Replacing the wavefunction pairs in the formulas with these approximations, we obtain for $V$:

$$V_{vc\mathbf{k}, v'c'\mathbf{k}'} \approx \frac{1}{N_k^2} \sum_{\mu=1}^{N_\mu^V} \sum_{\nu=1}^{N_\mu^V} u^*_{c\mathbf{k}} (\mathbf{r}_\mu) u_{v\mathbf{k}} (\mathbf{r}_\mu) \tilde V_{\mu \nu} u^*_{c'\mathbf{k}} (\mathbf{r}_\nu) u_{v'\mathbf{k}} (\mathbf{r}_\nu),$$

with

$$\tilde V_{\mu \nu} = \int_{\Omega^l\times \Omega^l}drdr' \zeta_\mu^{*V}(\mathbf{r}) V(\mathbf{r},\mathbf{r'}) \zeta_\nu^{V}(\mathbf{r'}),$$

and for $W$:

$$W_{vc\mathbf{k}, v'c'\mathbf{k}'} \approx \frac{1}{N_k^2} \sum_{\mu=1}^{N_{\mu}^{W_c}} \sum_{\nu=1}^{N_{\mu}^{W_v}} u^*_{c\mathbf{k}} (\mathbf{r}_\mu) u_{c'\mathbf{k'}} (\mathbf{r}_\mu) \tilde W_{\mu\nu, \mathbf{k-k'}} u^*_{v'\mathbf{k'}} (\mathbf{r}_\nu) u_{v\mathbf{k}} (\mathbf{r}_\nu),$$

with

$$\tilde W_{\mu\nu, \mathbf{k-k'}} = \int_{\Omega^l\times \Omega^l}drdr' \zeta_\mu^{*W_c}(\mathbf{r}) W_{\mathbf{k}-\mathbf{k'}}(\mathbf{r},\mathbf{r'}) \zeta_\nu^{W_v}(\mathbf{r'}).$$

The first thing to note is that this drastically reduces the number of integrals to solve from $\left( N_k N_v N_c \right)^2$ to $\left( N_\mu^V \right)^2$ and $N_{\mu}^{W_v}N_{\mu}^{W_c}$ for $V$ and $W$, respectively, given that we can choose:

$$N_\mu^V \ll N_k N_v N_c \\ N_{\mu}^{W_v} \ll N_k^2N_v^2 \\ N_{\mu}^{W_c} \ll N_k^2N_c^2,$$

which is always true.

Secondly note that this approach does not reduce the number of matrix elements.

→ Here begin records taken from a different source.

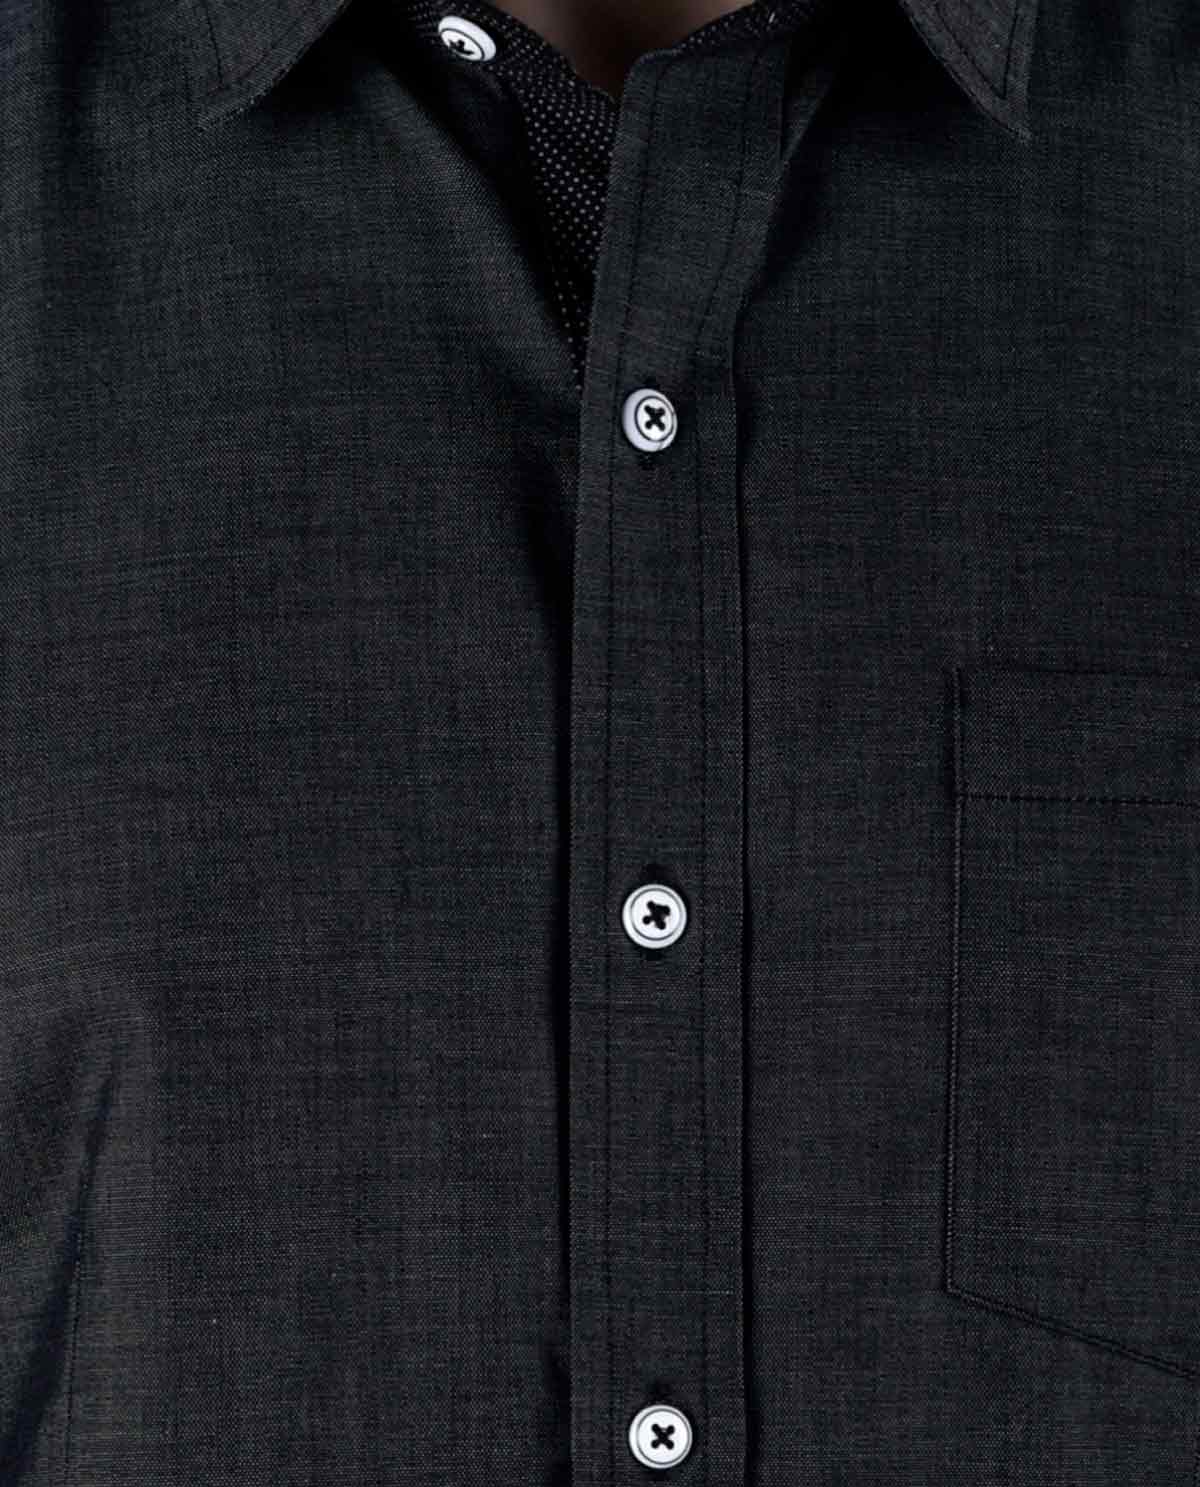 Black-Full-Sleeve-Shirt-for-Men-6 - Kashvi Designs
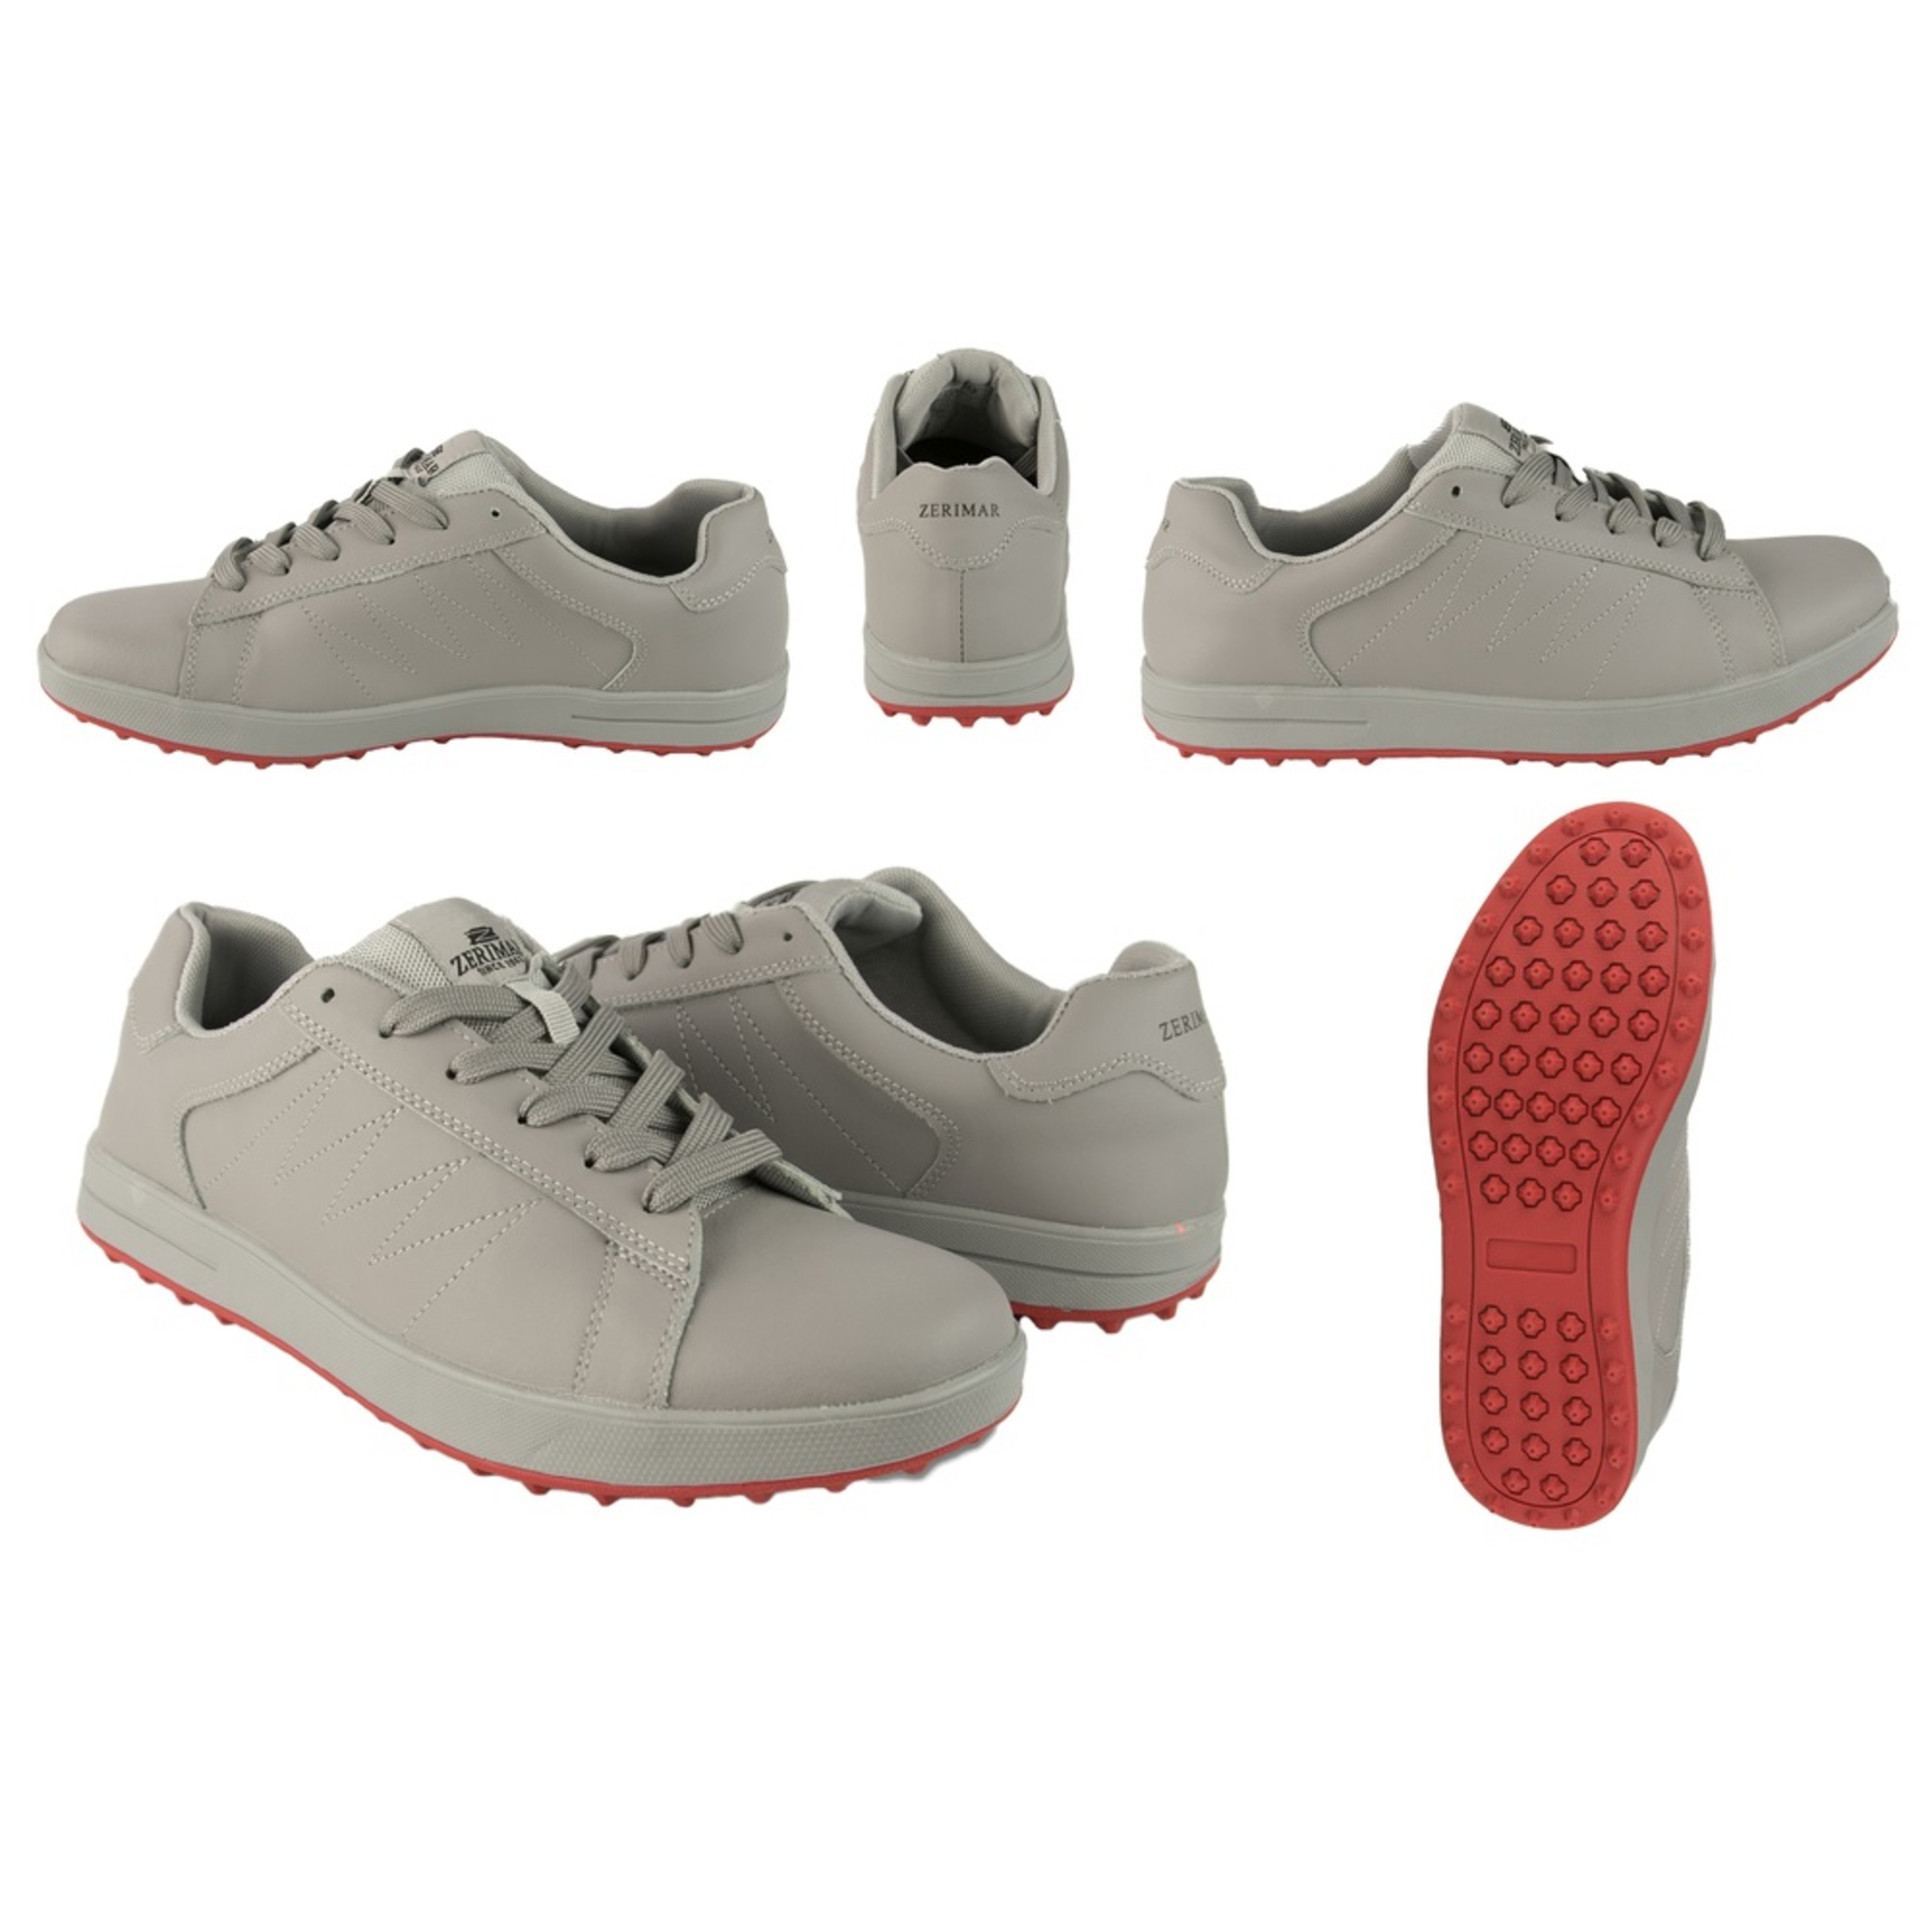 Sapatos De Golfe Masculino Sapatos Desportivos Sapatos De Couro - Cinzento - Sapatos de golfe para homens sapatos de couro | Sport Zone MKP
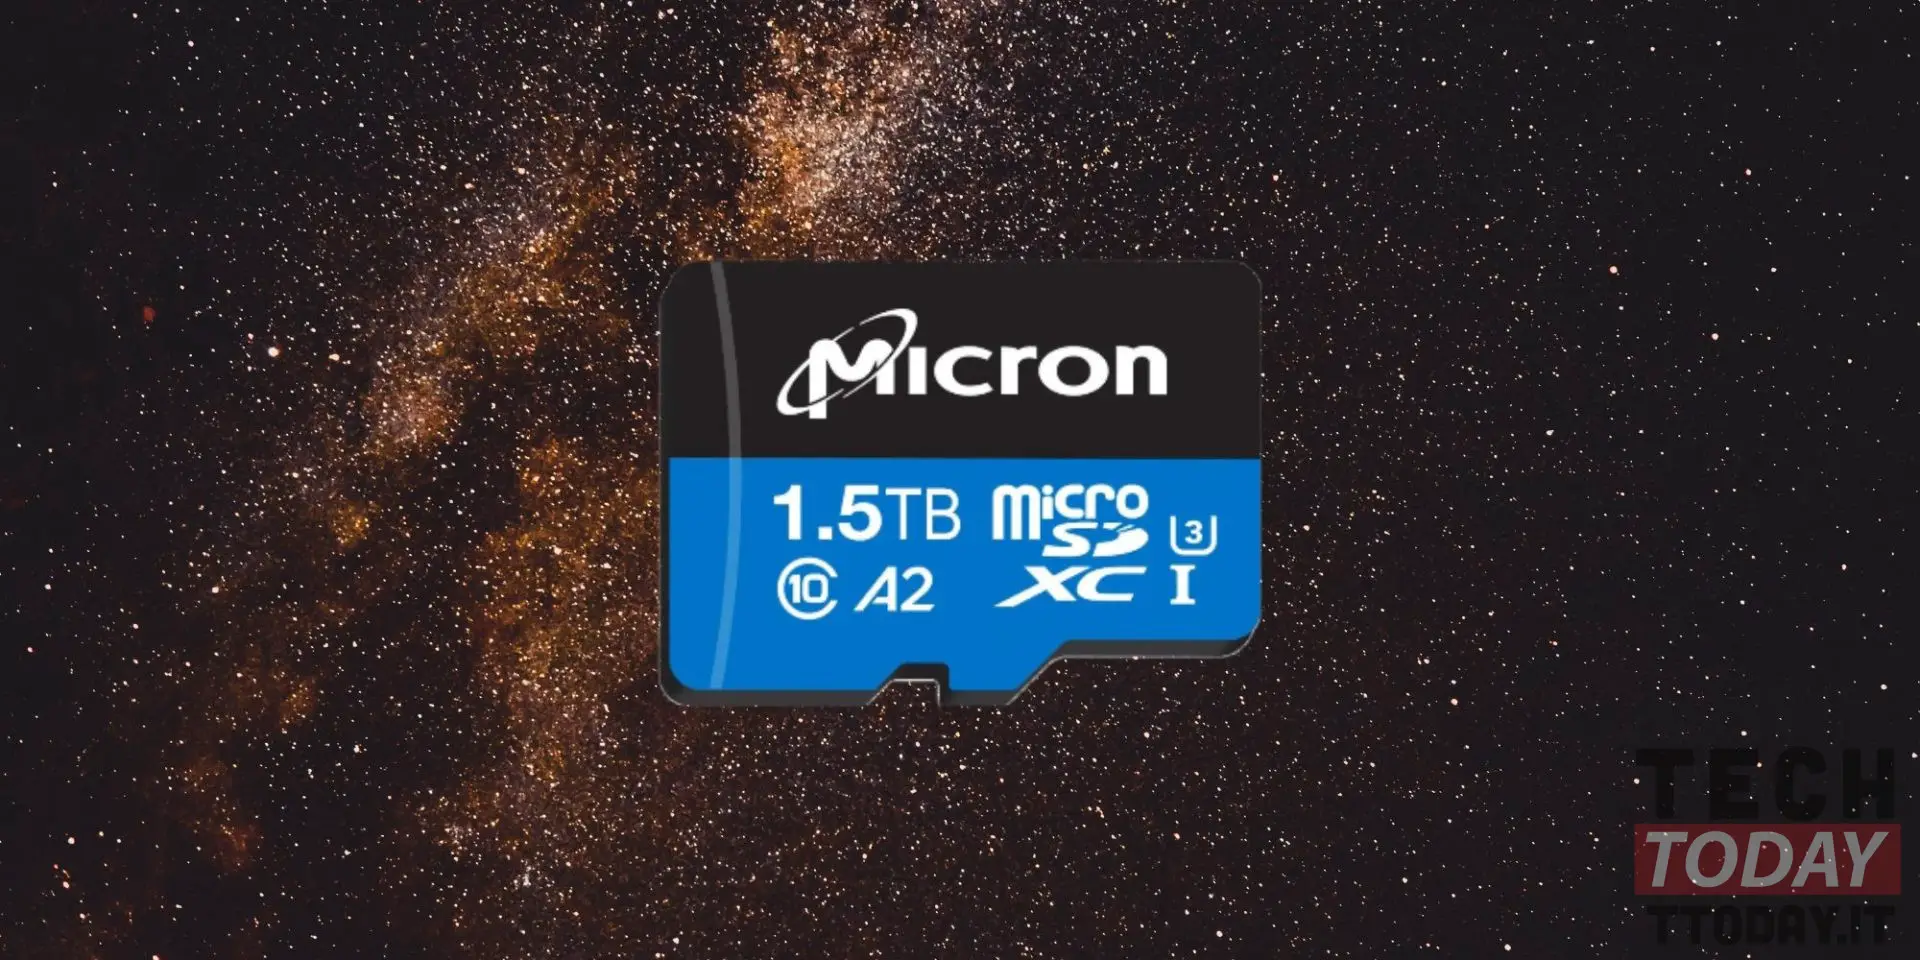 mikron mikrosd 1.5 tb

To utilize the deconstructed matrix, we employ the Lanczos algorithm for diagonalization. The Lanczos algorithm constructs an approximation to the lowest eigenpairs of a matrix through iterative multiplication by a vector. Consequently, the computational complexity of diagonalization is scaled down to that of matrix-vector multiplication. As our focus is solely on the lowest eigenvalues, we do not lose any relevant information by not computing the entire solution. In the decomposed form, as illustrated above, we can efficiently apply the interaction kernels to a vector $X \in \mathbb{C}^{N_vN_cN_k}$:

For the matrix $V$, we derive:

$$[V \cdot X]_{vck} = \frac{1} {N_k} \sum_{k'} \sum_{v'} \sum_{c'} \sum_{\mu=1}^{N_\mu^V} \sum_{\nu=1}^{N_\mu^V} u_{ck}^*(\mathbf{r}_\mu) u_{vk}(\mathbf{r}_\mu) \tilde{V}_{\mu\nu} u^*_{v'k'}(\mathbf{r}_\nu) u_{c'k'}(\mathbf{r}_\nu) \cdot X_{k' v' c'}.$$

Rearranging the summations reveals an efficient evaluation of the matrix-vector product:

$$[V \cdot X]_{vck} = \frac{1} {N_k} \sum_{\mu=1}^{N_\mu^V} u^*_{ck}(\mathbf{r}_\mu) u_{vk}(\mathbf{r}_\mu) \left\{ \sum_{\nu=1}^{N_\mu^V} \tilde V_{\mu\nu} \left[ \sum_{k'} \left( \sum_{c'} u_{c'k'}(\mathbf{r}_\nu) \left[ \sum_{v'} u^*_{v'k'}(\mathbf{r}_\nu) \cdot X_{k' v' c'} \right] \right) \right] \right\},$$

which scales as $\mathcal{O}(N_\mu^V N_v N_c N_k + N_\mu N_c N_k)$, thus linear with respect to the number of $\mathbf{k}$-points and quadratic with the number of electrons ($\mathcal{O}(N_e) \approx \mathcal{O}(N_v) \approx \mathcal{O}(N_c)$).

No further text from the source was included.